SEBI has issued observation letters for the IPO plans of three companies: National Securities Depository (NSDL), Zinka Logistics (operating under the Blackbuck brand), and Standard Glass Lining Technology. This allows the companies to proceed with their IPOs.
National Securities Depository (NSDL) had filed its draft red herring prospectus (DRHP) in July 2023 and received SEBI’s observation letter on September 30, 2024. This letter enables NSDL to launch its IPO within one year from the date of receipt.
The NSDL IPO consists solely of an Offer for Sale (OFS) by existing investors, with no new shares being issued. Key selling shareholders include IDBI Bank, National Stock Exchange (NSE), State Bank of India (SBI), HDFC Bank, Union Bank of India, and the Administrator of the Specified Undertaking of the Unit Trust of India (SUUTI). The shareholders will offload 5.72 Crore equity shares in the IPO.
NSDL is a market infrastructure institution offering a range of products and services to the financial markets. The merchant bankers appointed for the IPO include ICICI Securities, Axis Capital, HSBC Securities, and SBI Capital Markets.
Zinka Logistics Solutions, which operates as Blackbuck, filed its draft IPO papers on July 5, 2024. SEBI issued its observation letter for the IPO on October 3, 2024.
Blackbuck’s IPO plans include raising ₹550 Crore through a fresh issue of shares. In addition, the IPO includes an Offer for Sale of 2.16 Crore shares by its founders—Rajesh Yabaji, Chanakya Hridaya, and Ramasubramaniam Balasubramaniam—and investors such as Accel India, GSAM Holdings, and Flipkart’s Quickroutes International.

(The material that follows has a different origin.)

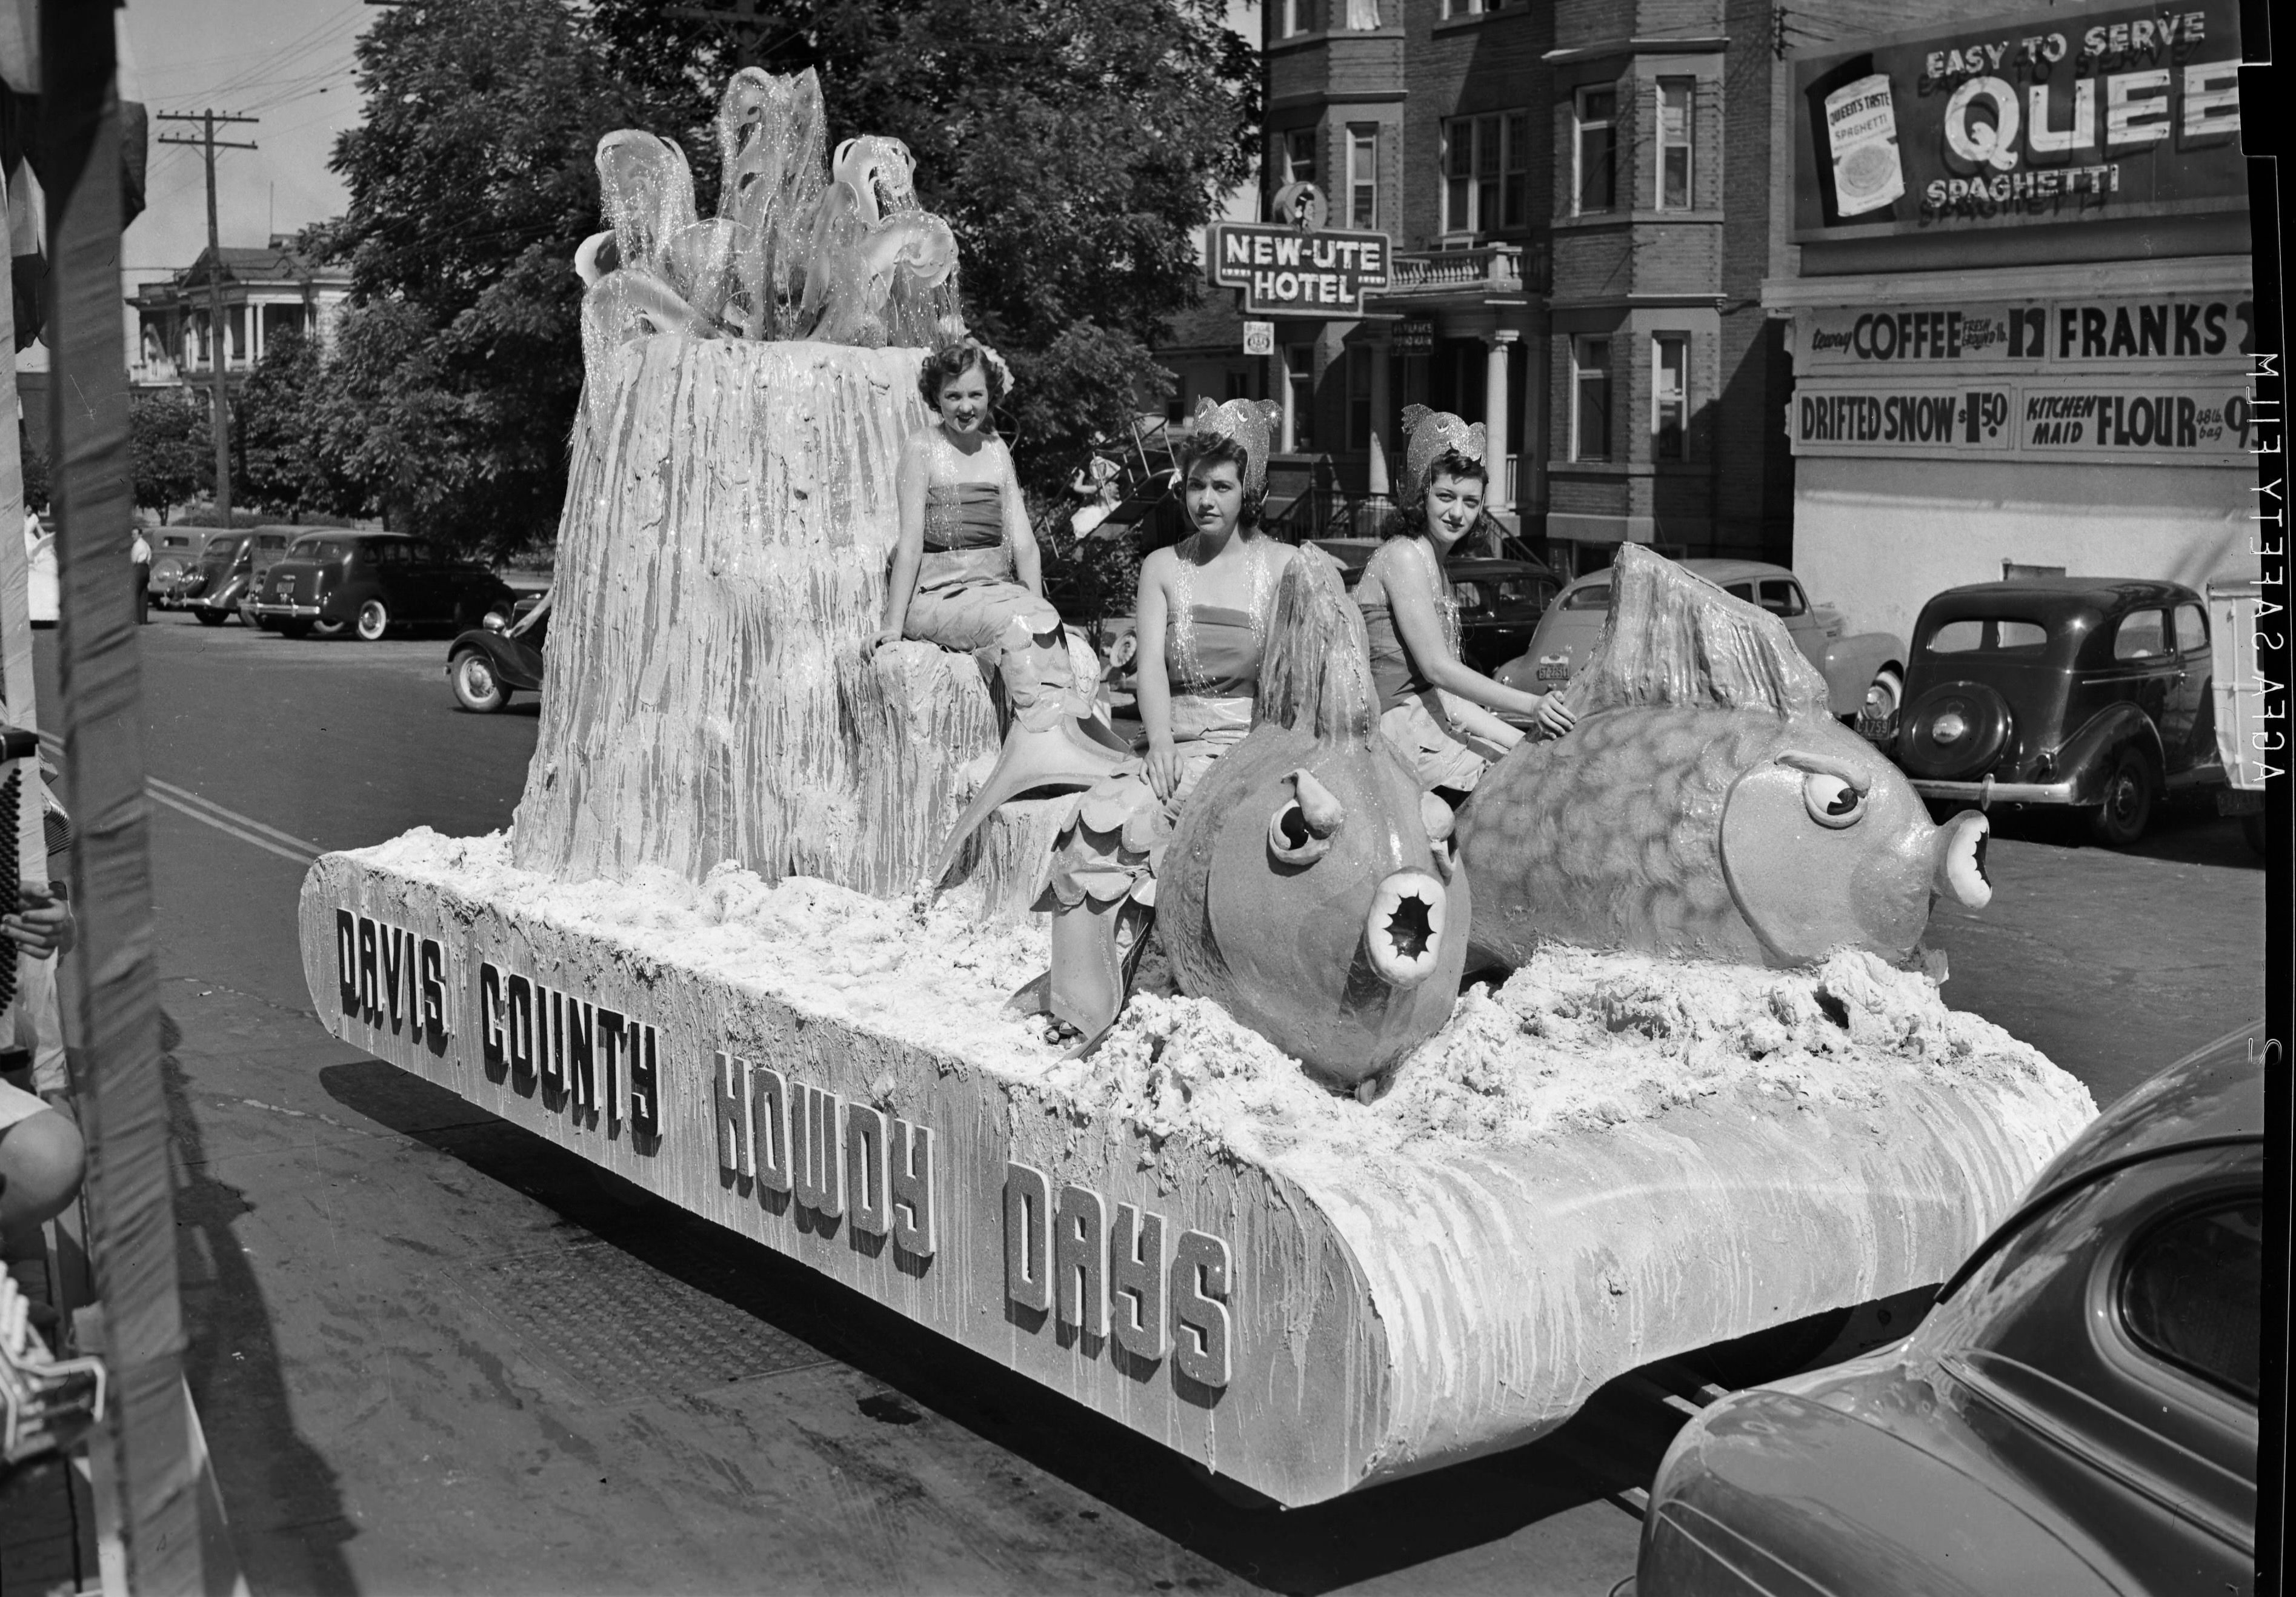 Women dressed as mermaids on a parade float in 1940.

The proceeds from Blackbuck’s fresh issue will be used for sales and marketing expenses, investments in its NBFC subsidiary (Blackbuck Finserve) to strengthen its capital base, funding product development, and general corporate purposes. Axis Capital, Morgan Stanley, JM Financial, and IIFL Capital Services are the lead managers for the issue.
Standard Glass Lining Technology, a Hyderabad-based manufacturer of specialized engineering equipment for pharmaceutical and chemical sectors, filed its draft papers for an IPO on July 24, 2024. SEBI issued its observation letter on October 1, 2024.
Standard Glass’s IPO includes a fresh issue of ₹250 Crore and an Offer for Sale of 1.84 Crore shares by existing shareholders, including promoters such as S2 Engineering Services, Kandula Ramakrishna, and Kandula Krishna Veni.
The funds raised from Standard Glass’s fresh issue will be used for purchasing machinery and equipment, repaying debt, inorganic growth, and general corporate purposes. IIFL Capital Services and Motilal Oswal Investment Advisors are the merchant bankers for the issue.